Berkeley, California - A couple of professors at the Berkeley-Haas School of Business who are pioneering the use of neuroscience to sort out how consumers think and feel about companies and products were recently drafted to help the Oakland Raiders assess what happens in the minds of the team’s loyal fans, and how that might be duplicated among fans who sit more on the sidelines.
Ming Hsu, an assistant professor of marketing, and Leif Nelson, the Ewald T. Grether Professor in Business Administration and Marketing, worked with colleagues from Northwestern University’s Kellogg School of Management to measure the brain activity of eight volunteers wearing special skullcaps with brain-monitoring electrodes while watching the Raiders play the Kansas City Chiefs at the Oakland Coliseum on December 6, as well as videos carrying Raiders marketing messages.

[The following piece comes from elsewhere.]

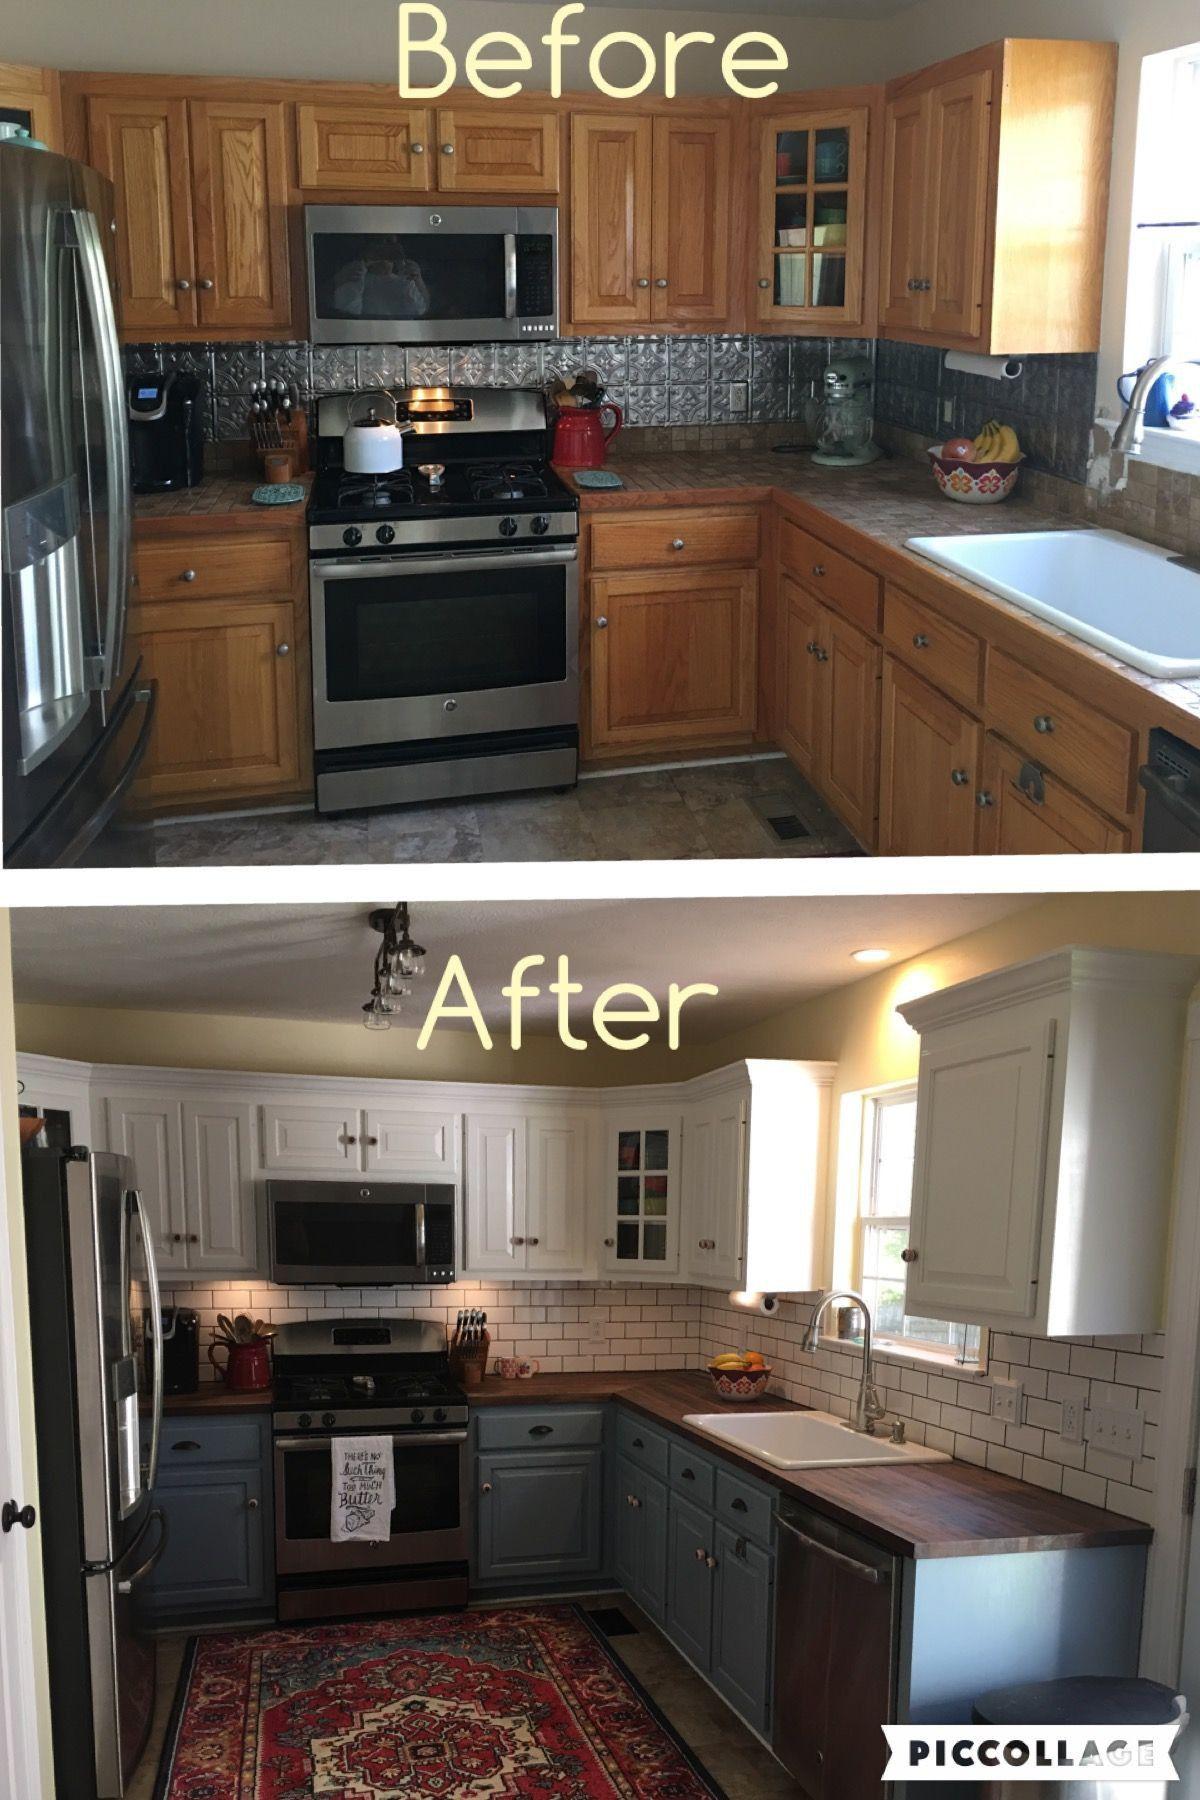 Elegant Lowes Kitchen Cabinet Paint Kit Cheap Kitchen Makeover Diy Kitchen Remodel Diy Kitchen Renovation

Four subjects identified themselves as die-hard Raiders fans, while the other four either had never attended a National Football League game or hadn’t been to one in at least five years.
“We wanted to create a benchmark of brain activity for loyal fans and then see if we could get casual fans’ brain activity to move closer to that of the loyal fans during the game,” said Brandon Doll, who earned a master’s of business administration at Haas in 2014 and is director of the Raiders’ strategic projects.
Hsu said traditional marketers have had few options for measuring fan experience, but neuroscience is offering new tools.
“We see from our data that for casual fans, attendance resulted in long-lasting positive memories - not only of the event but also of the Raiders brand,” he said.